Automatic Rebalancing
The Aerospike data rebalancing mechanism ensures that query volume distributes evenly across all cluster nodes, and is persistent during node failure. The system is continuously available. Rebalancing does not impact cluster behavior. The transaction algorithms integrated with the data distribution system ensure that there is one consensus vote to coordinate a cluster change. Voting per cluster change, instead of per transaction, provides higher performance while maintaining shared-nothing simplicity.
Aerospike allows configuration options to specify how fast rebalance proceeds. Temporarily slowing transactions heals the cluster more quickly. If you need to maintain transactional speed and volume, the cluster rebalances more slowly.
During rebalance, Aerospike does not retain full replication factors of all partitions. Some in-transit partitions temporarily become single replica, to provide maximal memory and storage availability as the cluster rebalances to new stability.
By not requiring operator intervention, the cluster self-heals even at the most demanding times. For example, in one customer deployment a rack circuit breaker tripped, and one node of an 8-node cluster went down. No operator intervention was required. After several hours the fault was corrected and the rack came back online. Operators never had to take special steps to maintain the Aerospike cluster.

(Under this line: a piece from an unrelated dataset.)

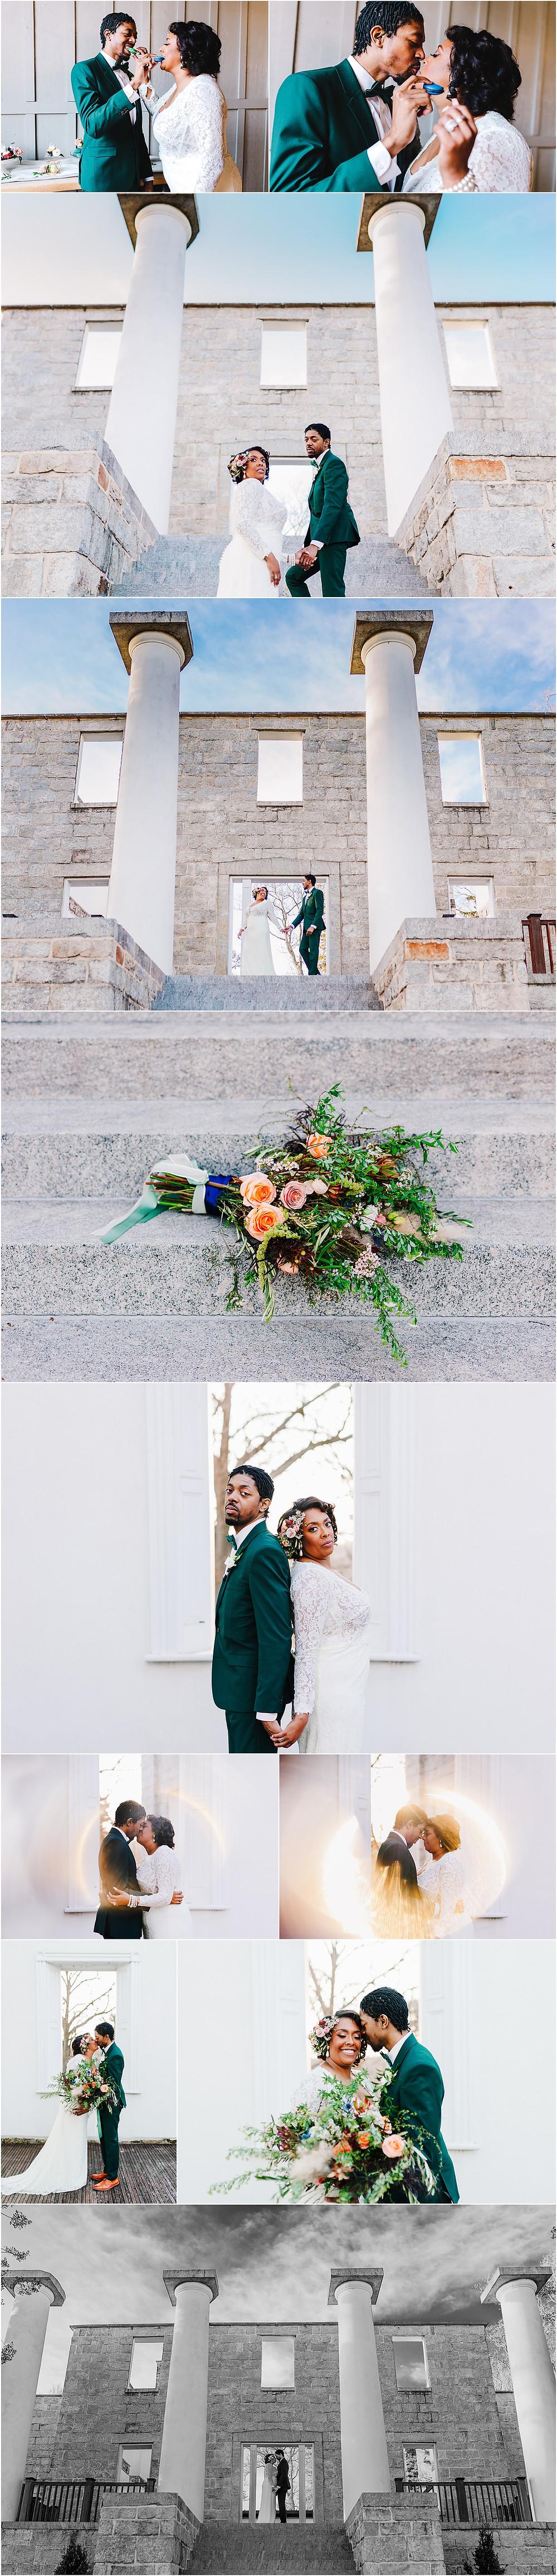 Patapsco Female Institue Wedding Photographer. Baltimore Elopement Photographer

In Aerospike, capacity planning and system monitoring manage virtually any failure with no loss of service. You can configure and provision your hardware capacity, and set up the replication/synchronization policies so that the database recovers from failures without affecting users.
Traffic Saturation Management
The Aerospike Database monitoring tools let you evaluate bottlenecks. Network bottlenecks decrease database throughput capacity, making requests slow.
Capacity Overflows
On storage overflow, the Aerospike stop-write limit prevents new record writes. Replica and migration writes, as well as reads, continue processing. So, even beyond optimal capacity, the database does not stop handling requests. It continues to do as much as possible to continue processing user requests.